Institute for War and Peace Reporting | Giving Voice, Driving Change
EU Needs New Approach to Western Balkans
When the European Union’s historic Big Bang enlargement takes place on May 1, the western Balkan countries will feel few substantial changes in the short-term.
But the EU needs to change policy on the region if it wishes to see long-term stability there. For the enlarged union, stability in the Balkans will become increasingly important once more member states border it.
Brussels needs to find a Balkans strategy that corresponds to the region’s real needs and capacities. Without it, the EU could face another Big Bang. This time, however, it would not be expansion, but a Balkans-style explosion.
THE 1990s – A LOST DECADE
Of the eight countries now joining the EU, six are from Central and Eastern Europe and only two from the Mediterranean (Malta and Cyprus).
The former Soviet satellites in Central and Eastern Europe made it clear as early as 1989 that their goal was EU entry and they immediately embarked on a long and painful reform process with membership in mind.
Whilst several former Yugoslav republics were locked in war, their northern neighbours stuck to the course of reform and association with the EU.
After fifteen years of tough choices and fundamental changes, they are now being rewarded with entry to the world’s most prestigious club – the EU – helping to guarantee them a secure, democratic and prosperous future.
But for most Balkans countries, stability and prosperity remain distant goals. Bulgaria and Romania still plan to join in 2007, with Croatia hoping to jump on the bandwagon.
Whilst these countries may conceivably join the union by the end of the decade, for Albania, Bosnia and Herzegovina, Macedonia and Serbia and Montenegro (including Kosovo) - the prospect of EU accession is distant and their general prospects grim.
ENLARGEMENT – NO IMMEDIATE EFFECTS
In the short-term, the western Balkan countries will feel few effects from enlargement, as neither EU attention nor aid is likely to diminish.
Instead, many commentators believe the entry of several new countries adjoining the region will push the western Balkans higher up the EU agenda.
Brussels has not forgotten the Yugoslav wars of the 1990s and an enlarged union knows it cannot afford to ignore the plight of its Balkan neighbours.

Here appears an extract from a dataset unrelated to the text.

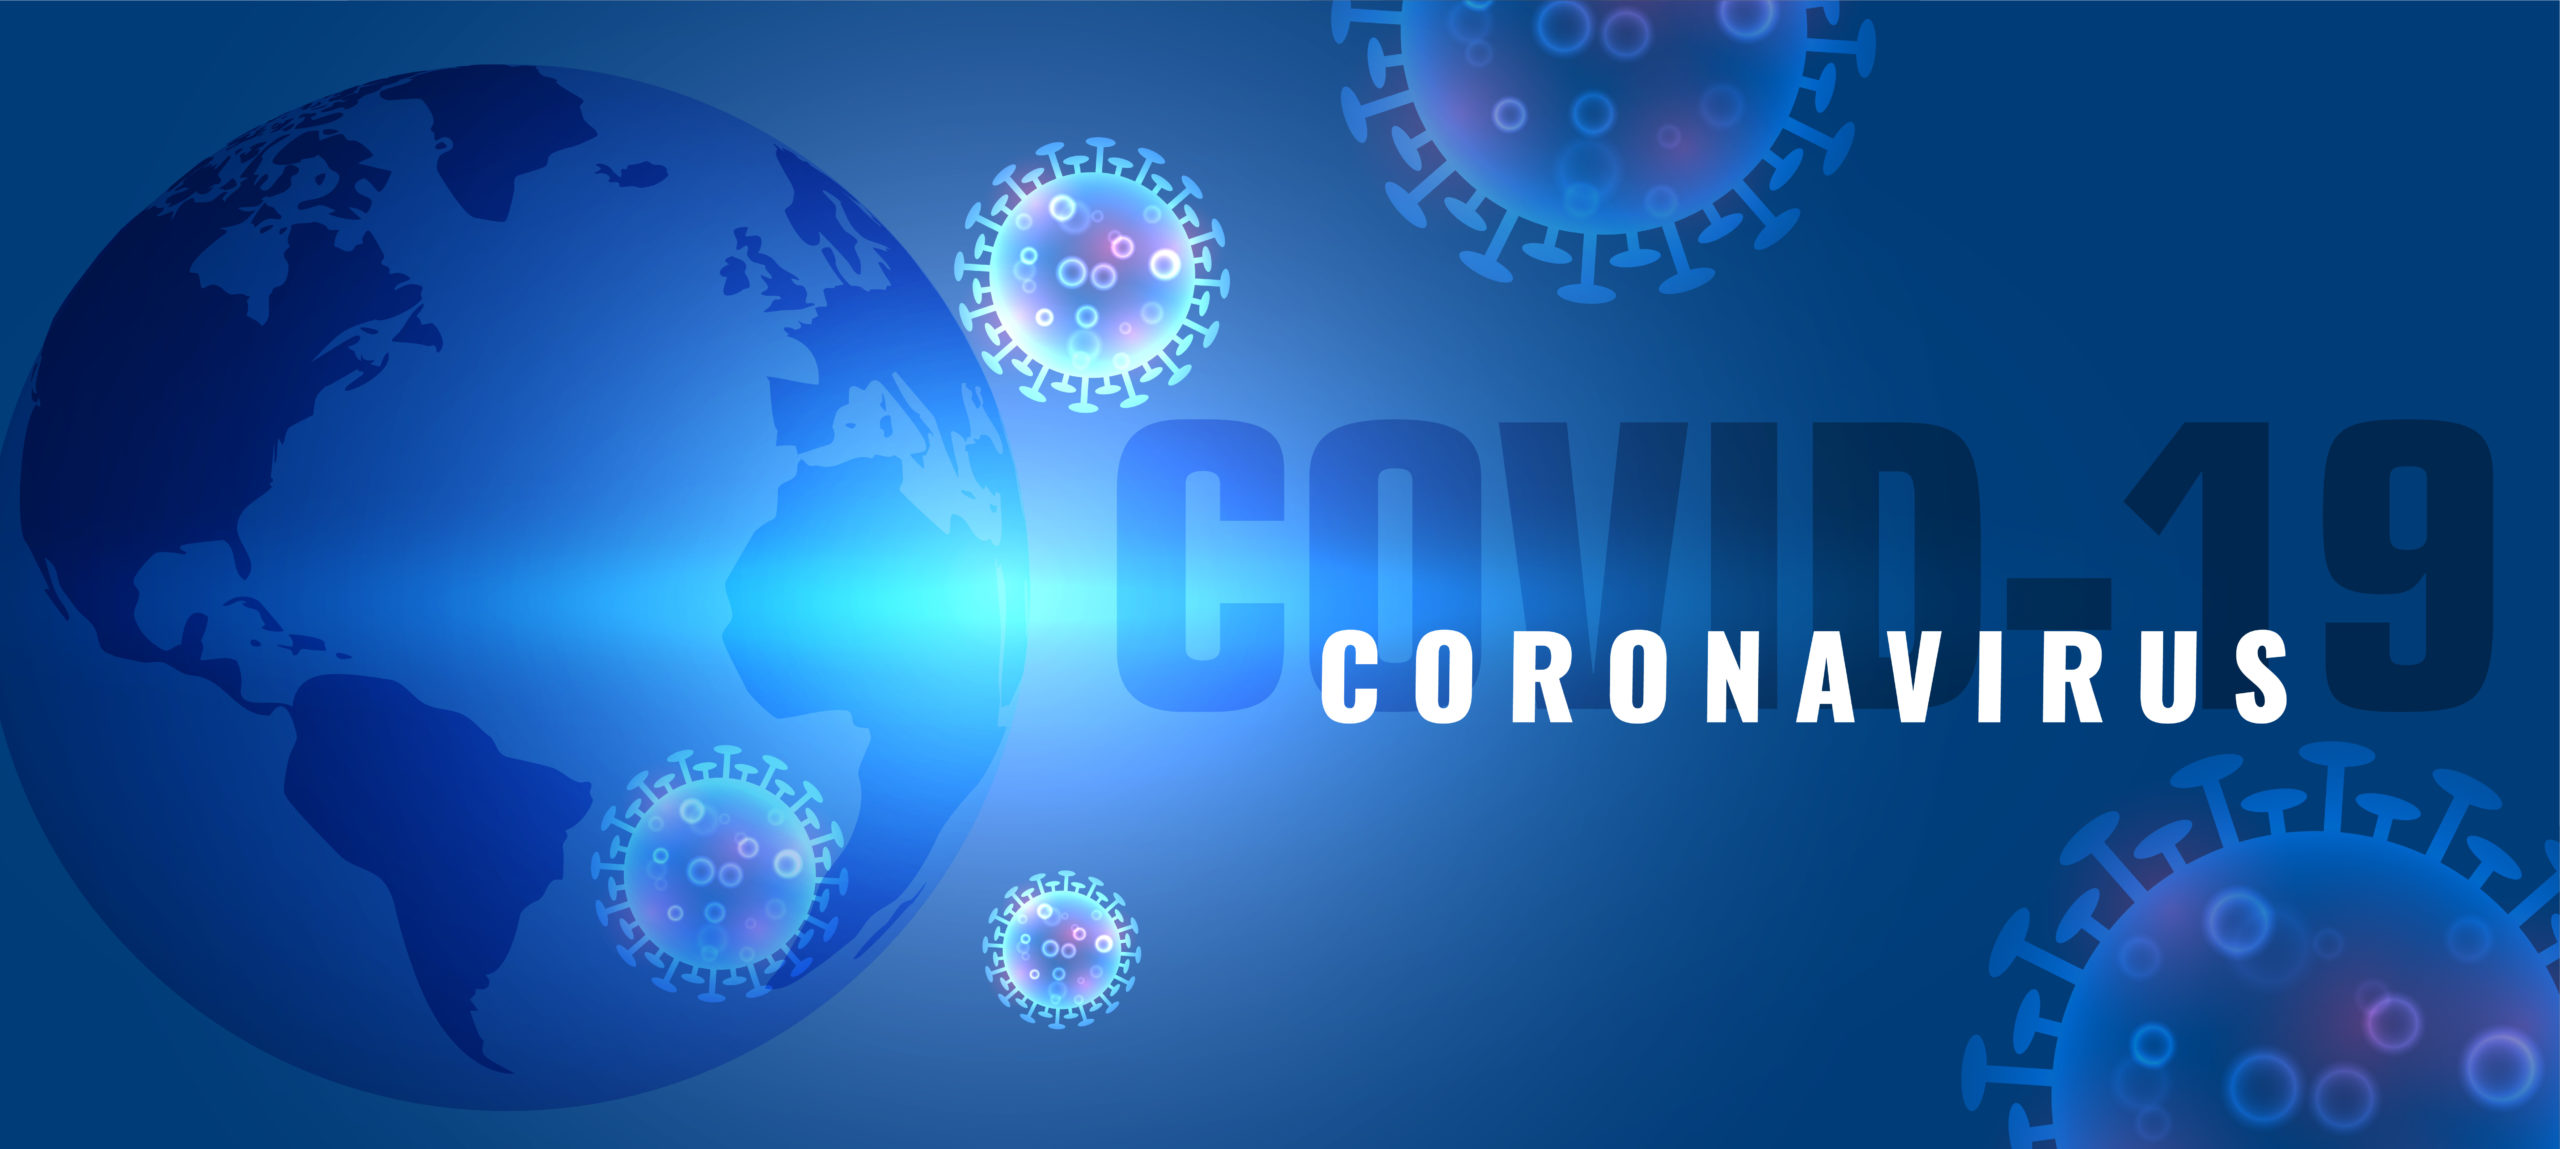 coronavirus covid-19 global pandemic disease outbreak background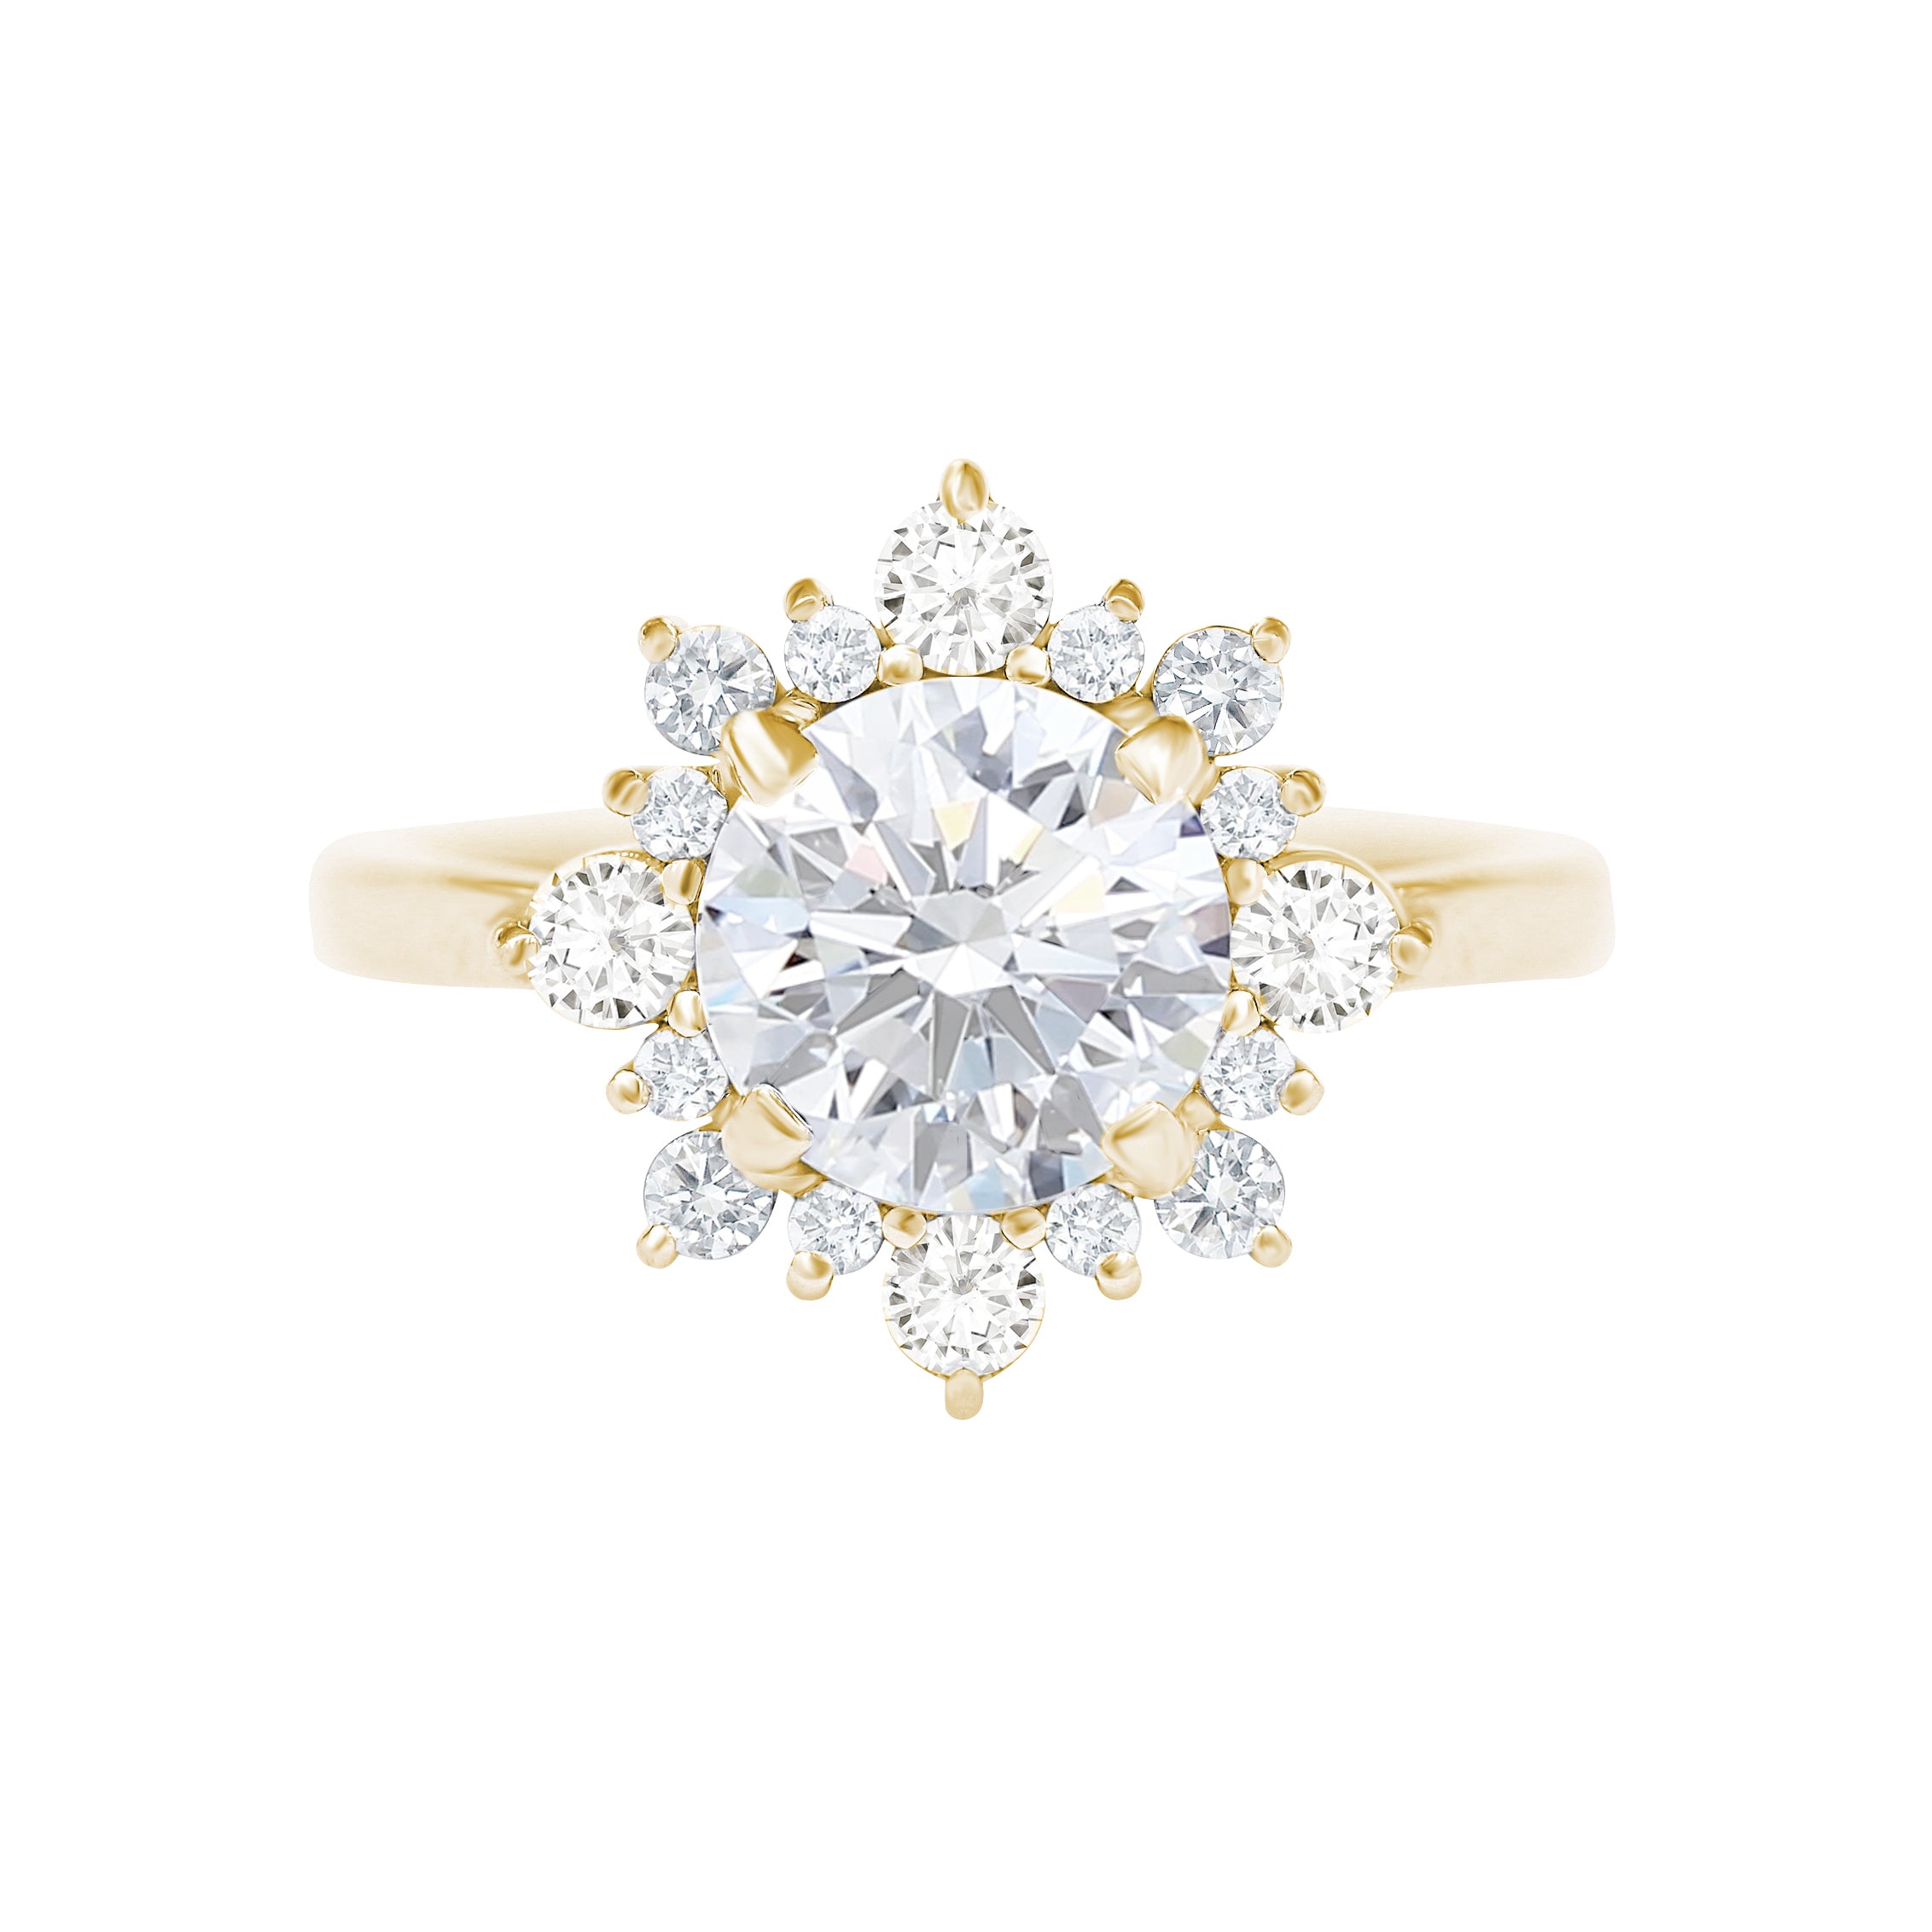 Round diamond halo unique engagement ring, "Snowflake"

“They might want to forget about us, but that’s not really possible,” said Nenad Sebek, director of the Centre for Democracy and Reconciliation in South Eastern Europe, a Thessaloniki-based NGO.
The EU has invested a lot in the Balkans since the early Nineties in terms of aid and expertise. It has representatives in every country. As the United States reduces its presence militarily in Bosnia and Kosovo, and hands the political initiative to Europe, Brussels’ share of the responsibilities has correspondingly increased.
The EU is expected to assume ever greater military and political responsibility in Bosnia as well as increasing involvement in Kosovo.
In Macedonia, the EU played a key role in brokering the Ohrid peace deal that ended armed conflict between ethnic Albanians and Macedonians in 2001, and it continues to support the country in many ways; Macedonia was the first country to sign a Stabilisation and Association Agreement, SAA, with the EU.
Brussels was also instrumental in brokering an agreement concerning the constitutional arrangements between Serbia and Montenegro in 2003, establishing a weak “State Union” between the last remaining republics of former Yugoslavia.
Although the future of the State Union of Serbia and Montenegro is unclear, owing to the unwillingness of the authorities in the two republics to cooperate, the EU cannot be charged with being unwilling to take initiatives.
Enlargement will not reduce EU aid to the western Balkans. At the EU summit in Thessaloniki in June 2003, the union committed an extra 210 million euro to the 4.65 billion euro it had earlier allocated to the Balkans for 2001-2006.
Fears that the needs of the new, poor member states will divert funds from the Balkans are misplaced. The funds allocated to the western Balkans are in any case negligible compared to the money allocated to new EU entrants, which in 2004-6 alone will be eligible for nearly 40 billion euro.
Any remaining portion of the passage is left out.